Anywhere in the world, the mention of Cartier evokes thoughts of opulence and excellence. The name is inextricably linked with diamonds, refinement, and the utmost standards in the realm of jewelry. However, this commitment to superior quality also translates to the creation of pens that showcase unparalleled artistry. In this article, we will explore a brief history of Cartier pens.
While Cartier's reputation as a pinnacle of sophistication and luxury is firmly established, the fact that King Edward VII commissioned 27 tiaras from the company for his coronation in 1902 and granted it a royal warrant in 1904 serves as undeniable evidence of its illustrious heritage.
The roots of this legacy can be traced back to 1847, when Louis-François Cartier assumed control of his mentor's workshop and laid the foundation for an iconic brand. In 1904, Cartier introduced the flat wristwatch after designing one for the renowned Brazilian aviator, Alberto Santos-Dumont, who found pocket watches to be unreliable and impractical during flights (hence the famous Cartier Santos watch). By 1907, Cartier had established branches in London, New York, and St. Petersburg, marking the blossoming of an icon.
Not satisfied with solely excelling in the realm of timepieces and jewelry, the Cartier brand also delved into the creation of other objets d'art, including pens.
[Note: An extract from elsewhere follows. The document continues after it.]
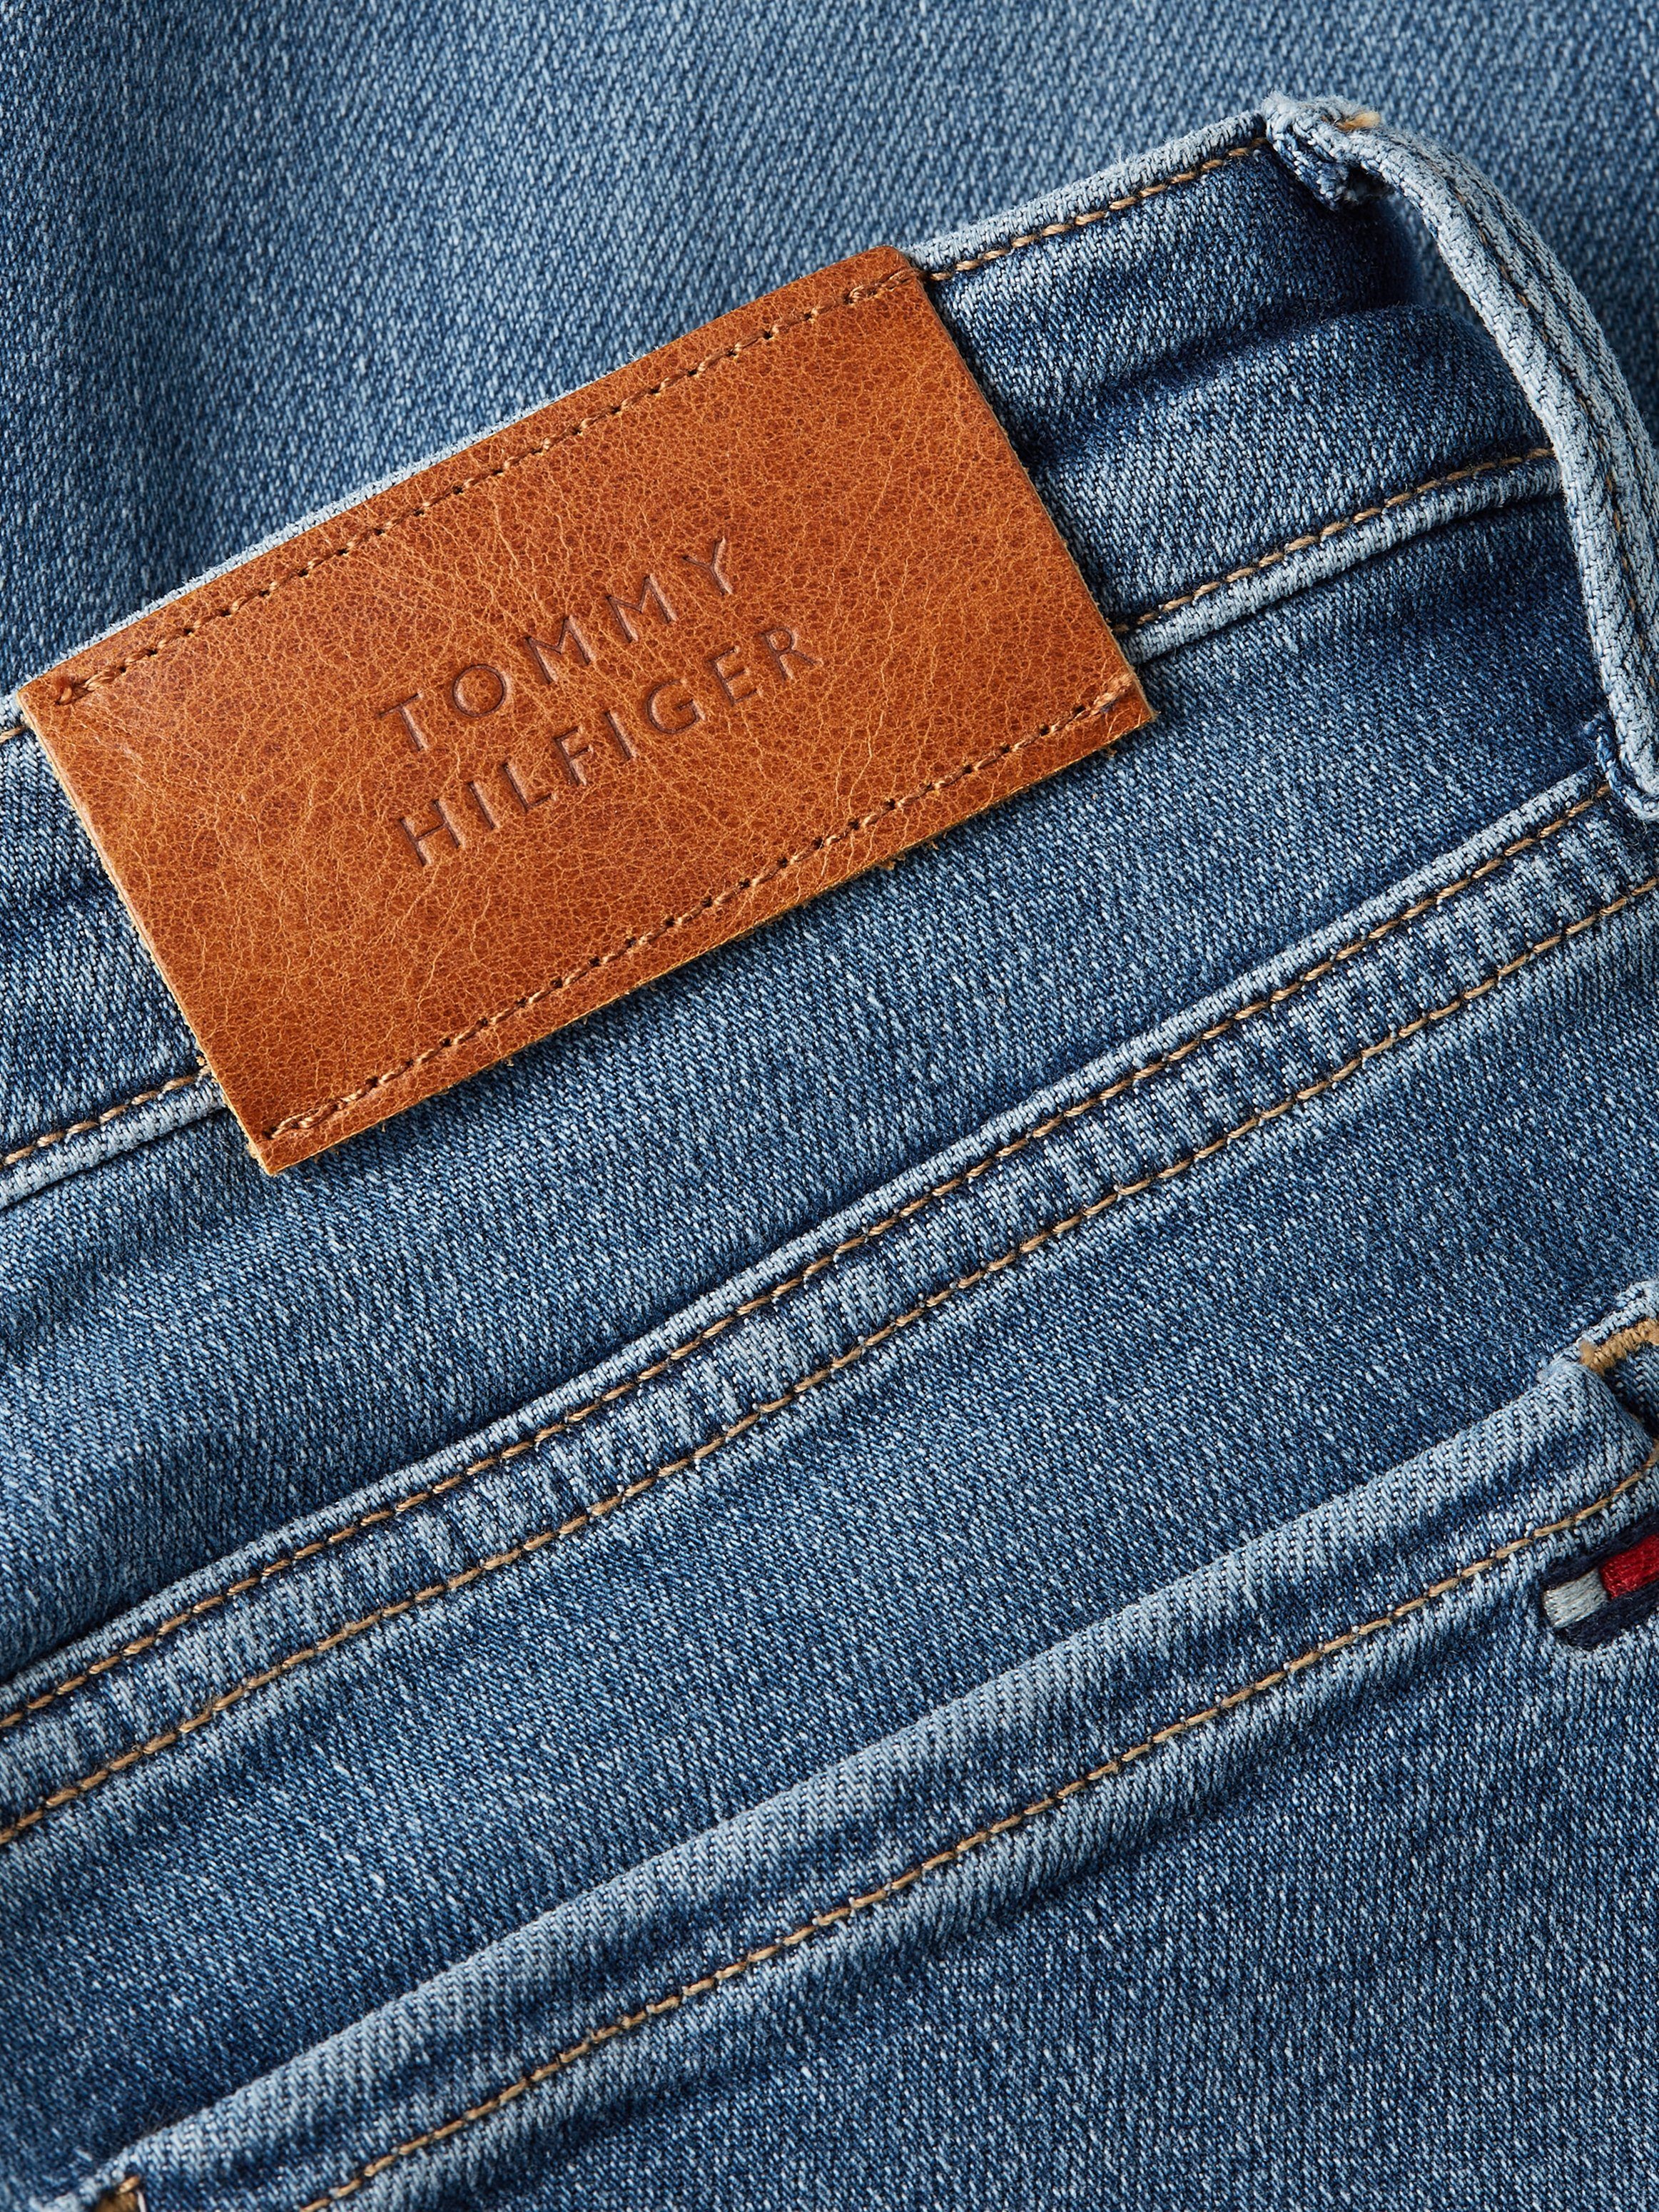 Tommy Hilfiger mit TH SKINNY Logo-Badge Skinny-fit-Jeans RW Hilfiger FLEX COMO GYA Mel Tommy

As far back as 1860, sketches were produced depicting designs for a jasper nib and a golden pen. However, it wasn't until 1910, when they began producing writing instruments on a large scale, that they truly made their mark in this area.
In 1924, Cartier released a highly coveted series of watches made from exotic and highly sought-after materials, such as onyx, moonstone, and opal. These timepieces were reportedly prized by The Maharajah of Patiala, who was one of Cartier's wealthiest clients. The unique aesthetic of the Art Deco era, which persisted through the lively 1920s, remains appealing to this day, and Cartier pens often display the distinct characteristics of that period.
The brand cemented its place in history during the mid-20th century by introducing a range of coveted writing instruments that continue to be highly sought-after today. In the 1960s, pens crafted by jeweler Pierre Lefebvre captured the attention of Cartier enthusiasts, while the matching gold-plated lighter and pen set epitomized the style of the era and would fit seamlessly into the top pocket of Mad Men's Don Draper. Understandably, the vintage bamboo and gold pens have become highly coveted collector's items and are now quite rare, especially when it comes to acquiring a set of five miniature pens.
In 1973, Cartier introduced "Les Must de Cartier" (Cartier's must-have items), a groundbreaking concept that signaled a thrilling shift in the luxury goods industry. This also marked the launch of a series of writing instruments that have become one of Cartier's most renowned product lines and remain among the most popular, with a distinctive name that is immediately recognizable as part of the brand's identity.
One of the most unforgettable examples of Cartier pens is undoubtedly the Crocodiles de Cartier Limited Edition Fountain Pen. Limited to just 888 pieces, this pen is part of Cartier's animal-shaped menagerie. The first pen in this series paid tribute to Cartier's "pet" animal, the panther. Meanwhile, the Crocodile, one of Cartier's most captivating creations, features a delicate 18K gold nib engraved with the fierce face of a crocodile. Even to those new to Cartier, it's evident that producing these pens requires exceptional artistry, with master artisans skillfully carving the design using precious cabochons at both ends.
While Cartier's more affordable ballpoint pens cater to the mainstream market, the brand continues to innovate at the intersection of high jewelry and fine writing instruments. With new limited editions valued at over $150,000, Cartier is constantly pushing the boundaries and creating the collector's items of the future.